**What is required:** In the records that follow, find the line containing "Goodcomix.tk Frozen - [Grimphantom][FrozenParody]" and the line containing "La tormenta Henri", then transcribe both and every line between them exactly, omitting pictures.

**Task data:**

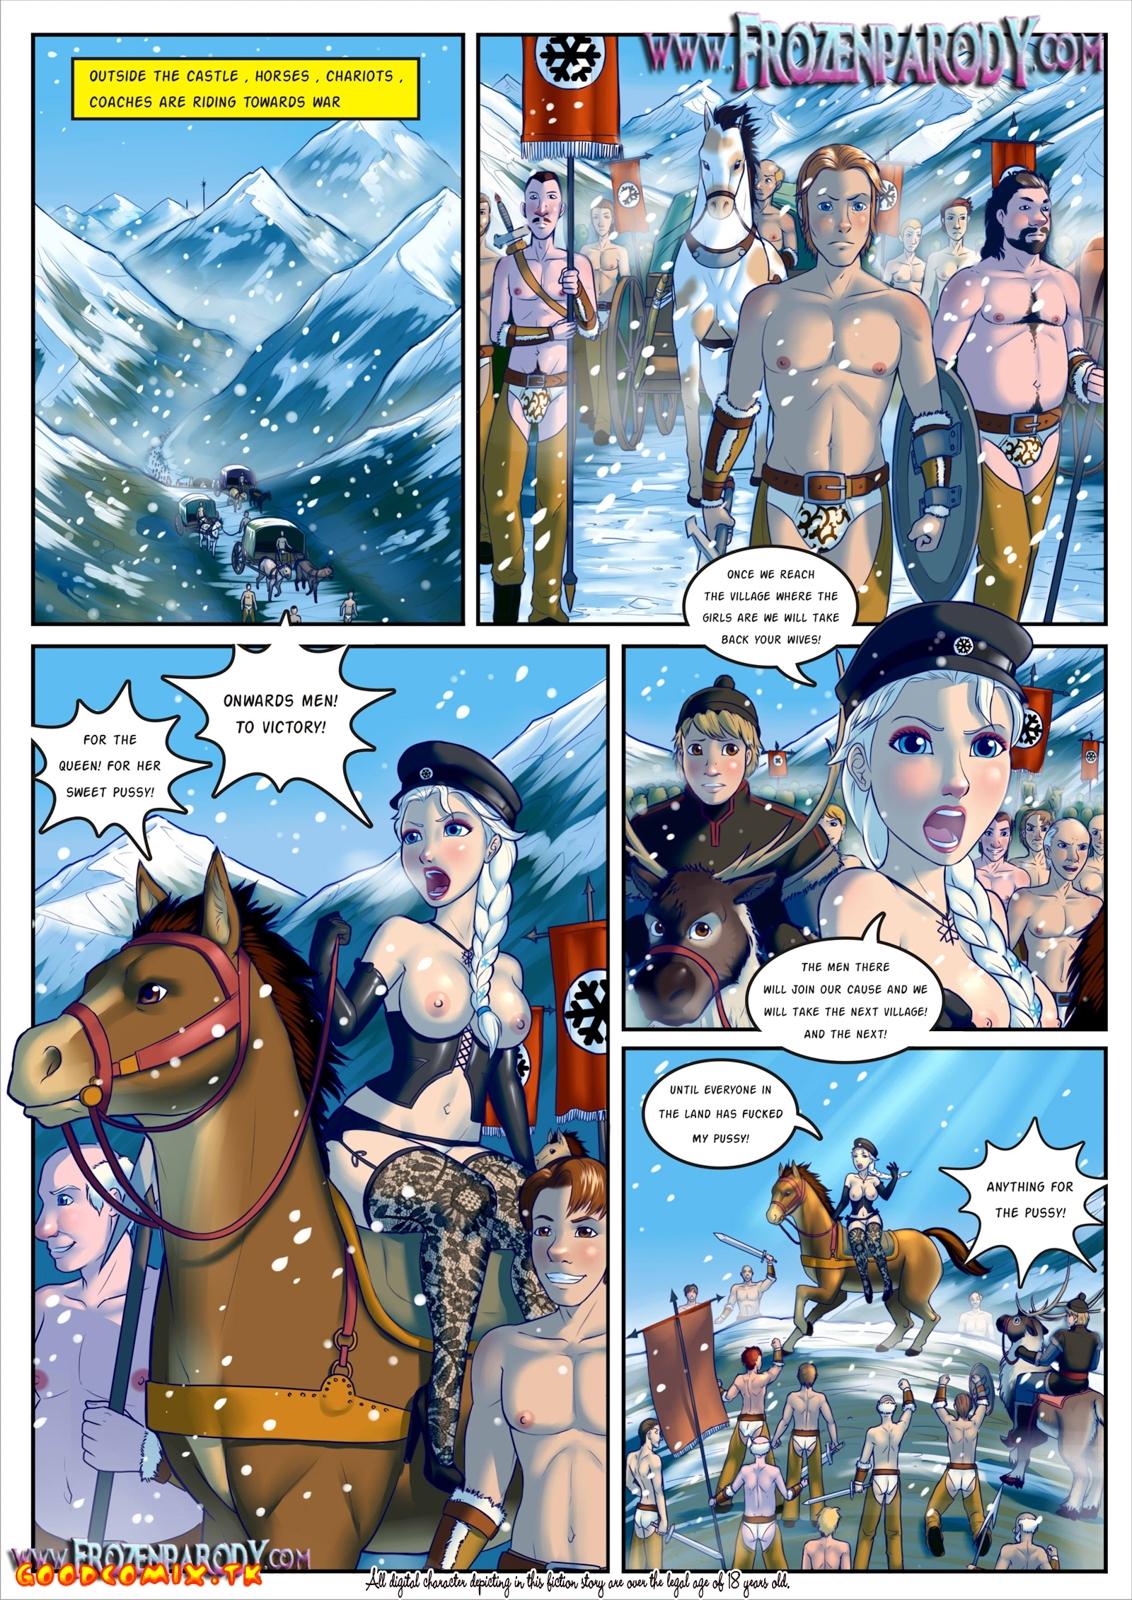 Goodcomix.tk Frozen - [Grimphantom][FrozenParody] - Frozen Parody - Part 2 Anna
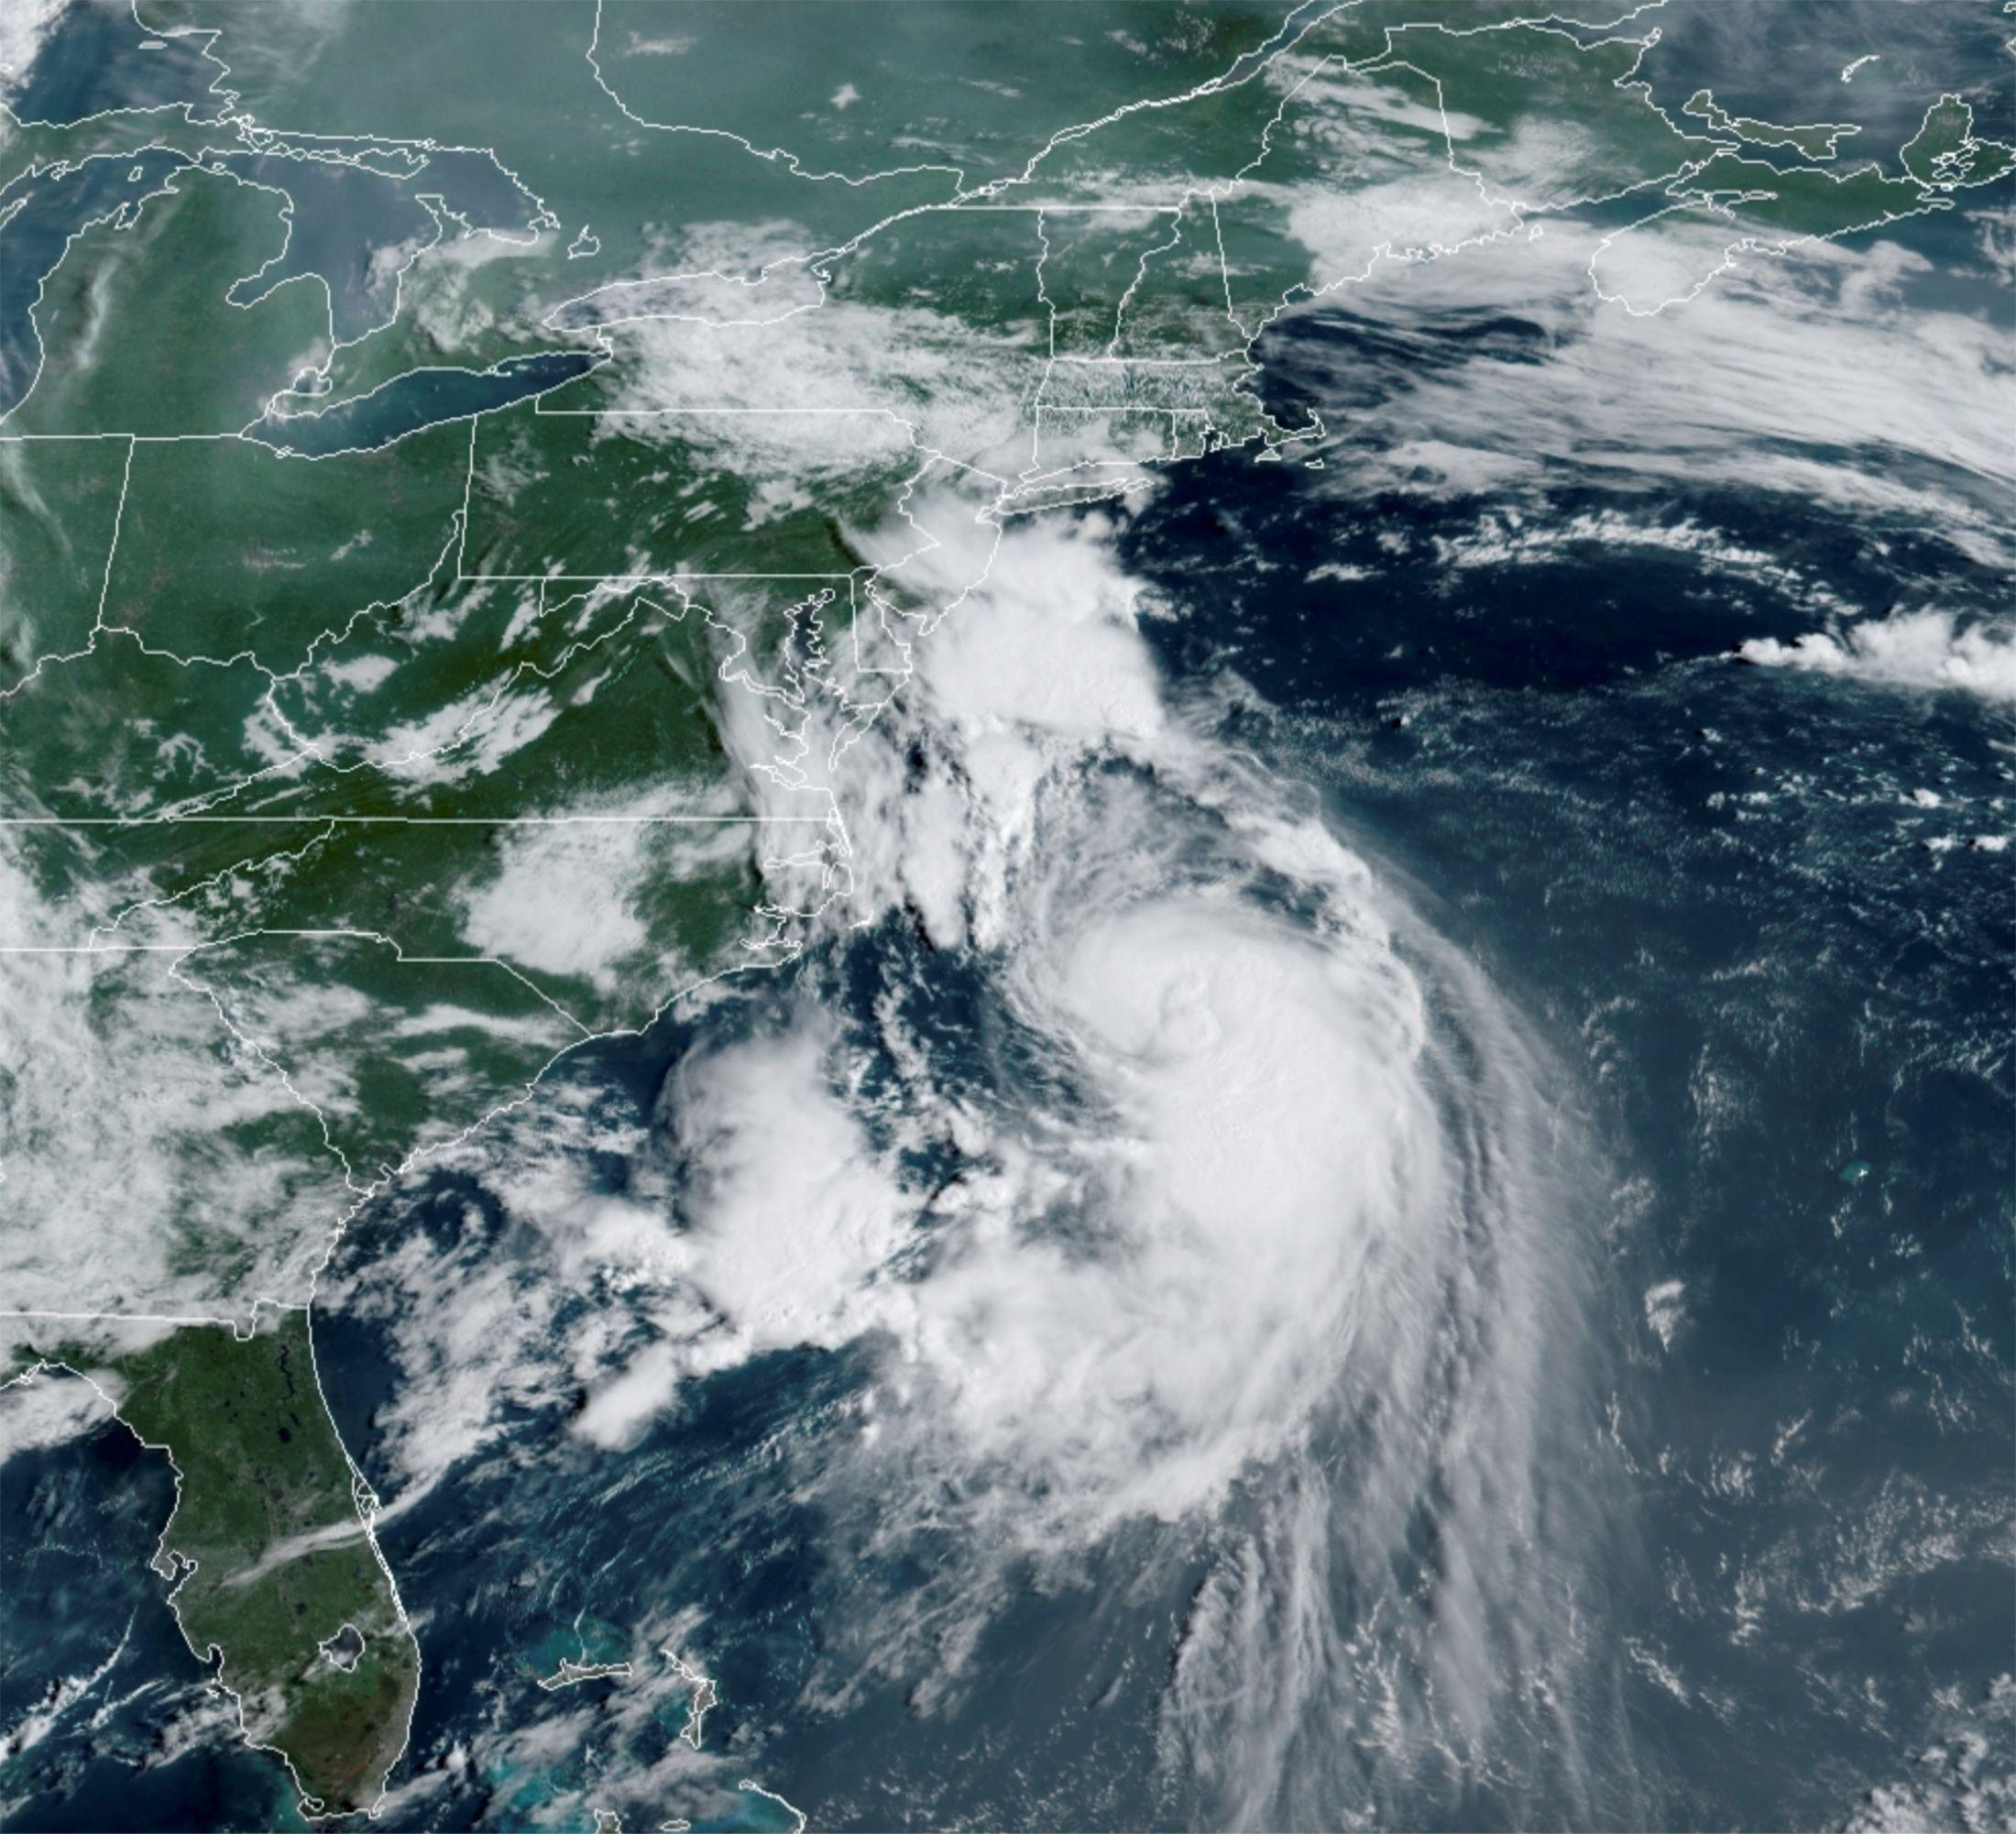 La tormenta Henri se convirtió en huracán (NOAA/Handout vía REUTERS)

...

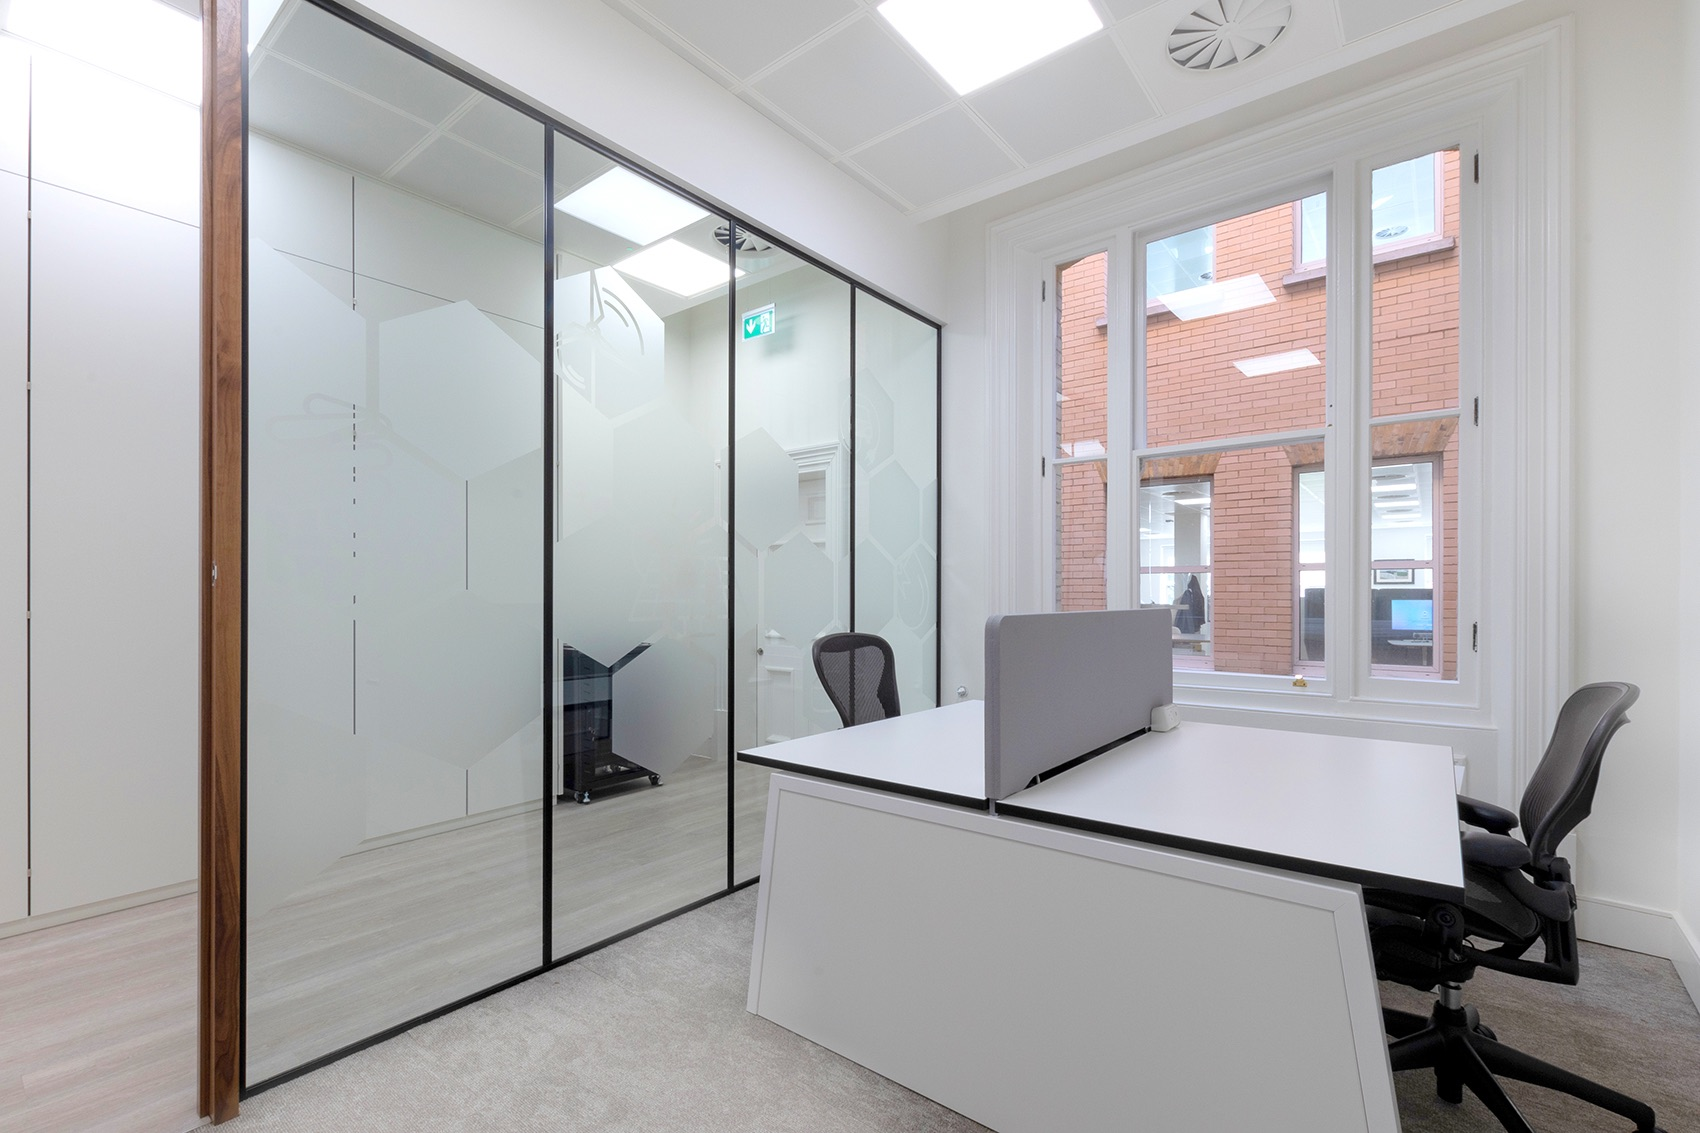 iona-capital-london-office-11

**Task solution:**
 Goodcomix.tk Frozen - [Grimphantom][FrozenParody] - Frozen Parody - Part 2 Anna
 La tormenta Henri se convirtió en huracán (NOAA/Handout vía REUTERS)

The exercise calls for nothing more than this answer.